(Materials provided Opens)

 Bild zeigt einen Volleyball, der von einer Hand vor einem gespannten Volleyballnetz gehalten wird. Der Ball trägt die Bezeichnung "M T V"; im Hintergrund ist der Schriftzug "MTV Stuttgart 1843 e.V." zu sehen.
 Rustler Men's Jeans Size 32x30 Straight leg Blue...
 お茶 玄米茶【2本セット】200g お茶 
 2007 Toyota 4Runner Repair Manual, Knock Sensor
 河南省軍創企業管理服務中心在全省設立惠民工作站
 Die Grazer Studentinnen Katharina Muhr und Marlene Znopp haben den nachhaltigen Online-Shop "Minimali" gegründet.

(Materials provided Closes)

(Problem) The expected result is an exact transcription of the lines from the one containing "河南省軍創企業管理服務中心在全省設立惠民工作站" through the end of the records above; please include both ends.

(Answer section)
 河南省軍創企業管理服務中心在全省設立惠民工作站
 Die Grazer Studentinnen Katharina Muhr und Marlene Znopp haben den nachhaltigen Online-Shop "Minimali" gegründet.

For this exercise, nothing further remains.